Schwartz also noted that Van Dyke's personal contribution to his graduate students' work was quite substantial but consistently downplayed. He was never listed as a co-author when student dissertation work was published. He supervised 33 doctoral dissertations and five engineering theses.

In 1958 he discovered, at a kiosk in Paris, Atlas des phénomènes optiques, a collection of black-and-white photographs from optical research. It became one of Van Dyke's dreams to publish a similar collection of photographs depicting fluid motion.
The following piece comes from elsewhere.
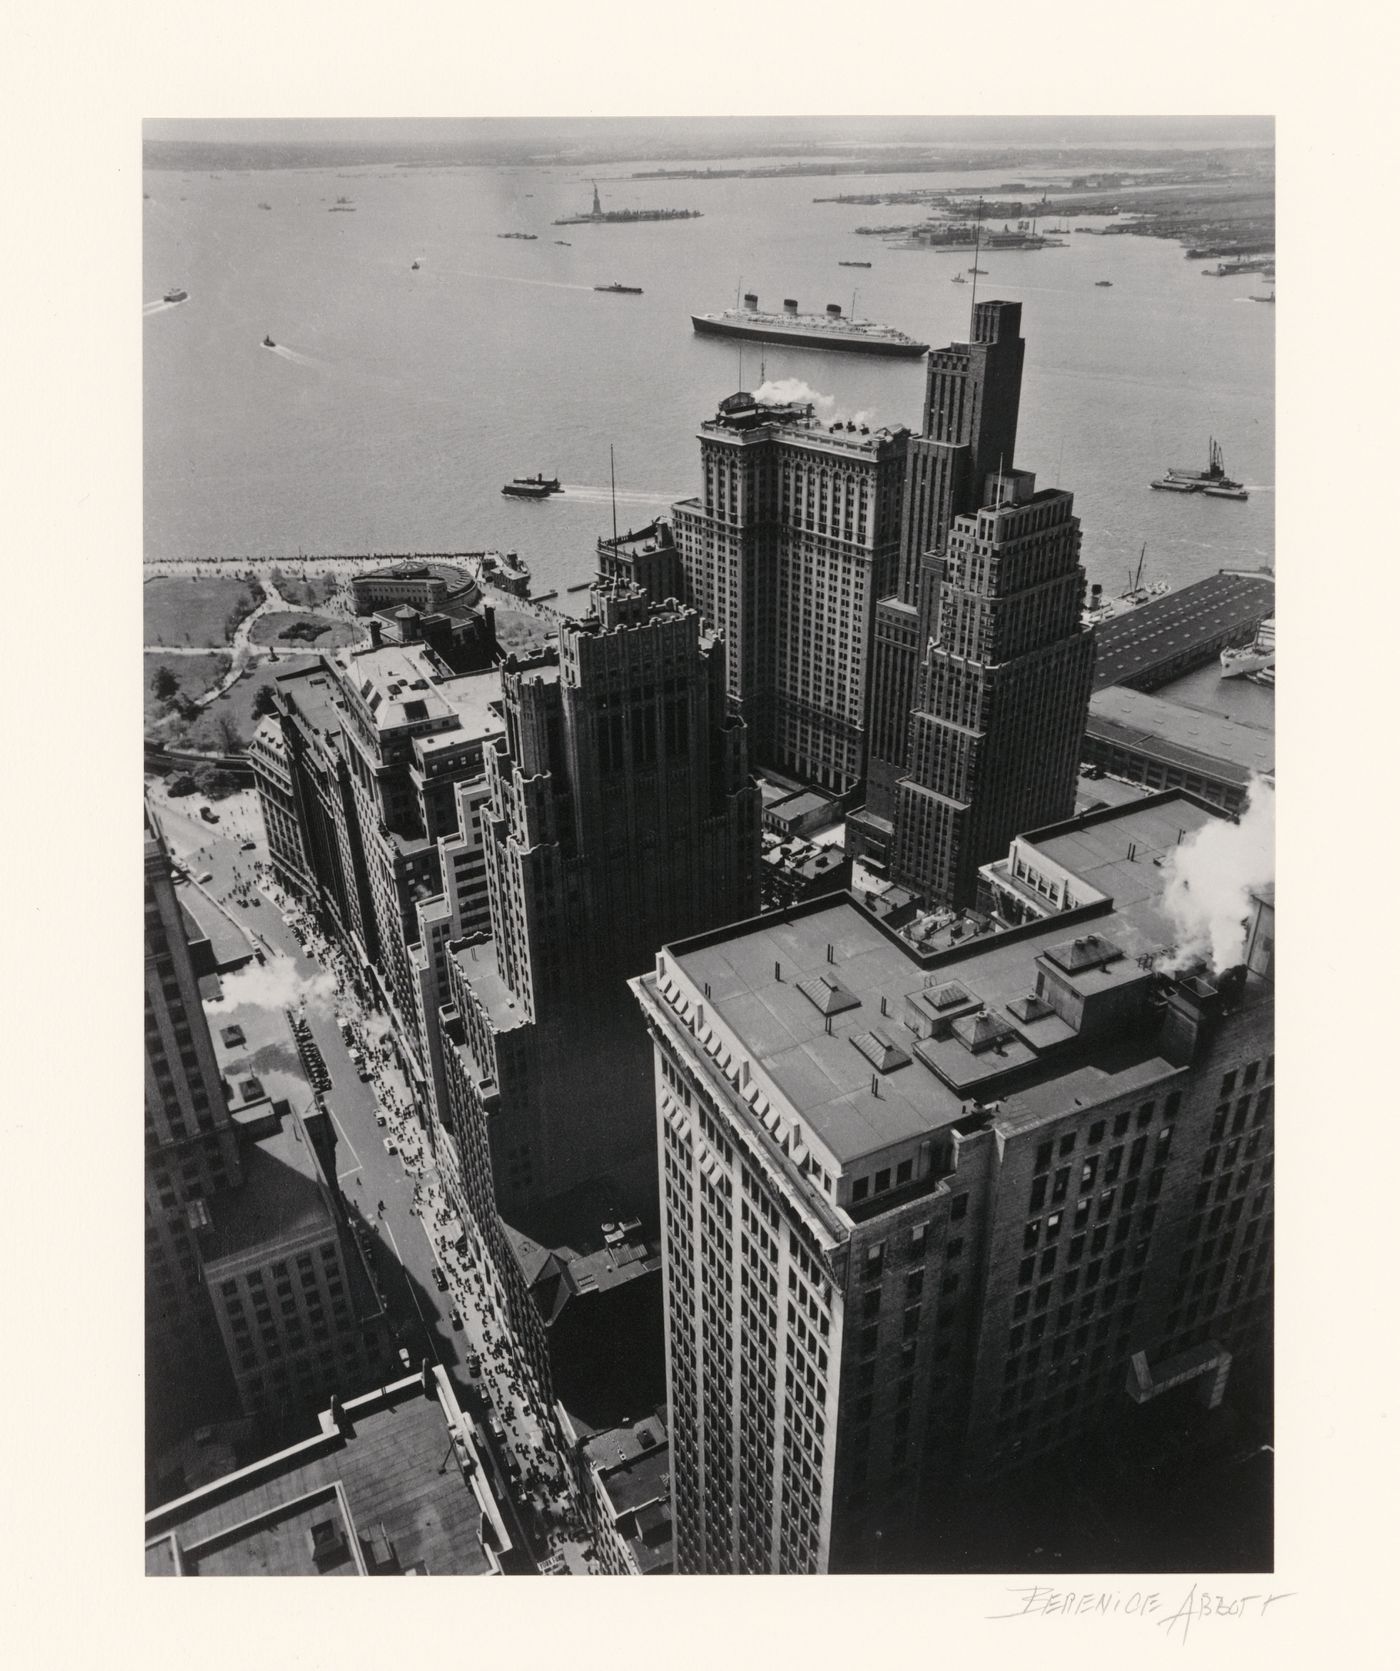 View of Broadway from the roof of the Irving Trust Company Building, showing the Adams Building, Fred C. French Building, Whitehall Building, and Downtown Athletic Club, New York City, New York

In 1982, his vision was fulfilled in An Album of Fluid Motion, which he designed jointly with his wife, Sylvia, on their dining room table, and published through Parabolic Press. The book is a collection of 400 images of fluid mechanics, and is equally appropriate for coffee tables and courses in fluid mechanics. It has sold over 40,000 copies and has a Russian edition.

Van Dyke retired from his joint appointment in mechanical engineering and aeronautics and astronautics in 1992. He lived on the Stanford campus until his death.

Van Dyke's son Russell recalled that his dad had an "insatiable creativity and enthusiasm for building things" and a love for the outdoors. In addition to building much of the furniture in his first house, he constructed a wooden train that his children could ride around the backyard. He was an active member of the Sierra Club for many years, and one of his favorite weekend activities was taking his kids camping at Pinnacles National Monument.

His daughter, Nina, remembered his ethical integrity. "He was rather a private person, but if he felt that a wrong had been committed, no matter how small or how large, he was absolutely stubborn about seeing that it was made right," she said.

Van Dyke is survived by his wife of 48 years, Sylvia; his sons Russell, Eric, Christopher, Brooke and Byron; his daughter, Nina; and nine grandchildren.

A memorial service is planned for September at the Stanford Faculty Club. In lieu of flowers, the family requests that donations in Milton Van Dyke's name be made to an open space or environmental organization.

Jess McNally is an intern at the Stanford News Service.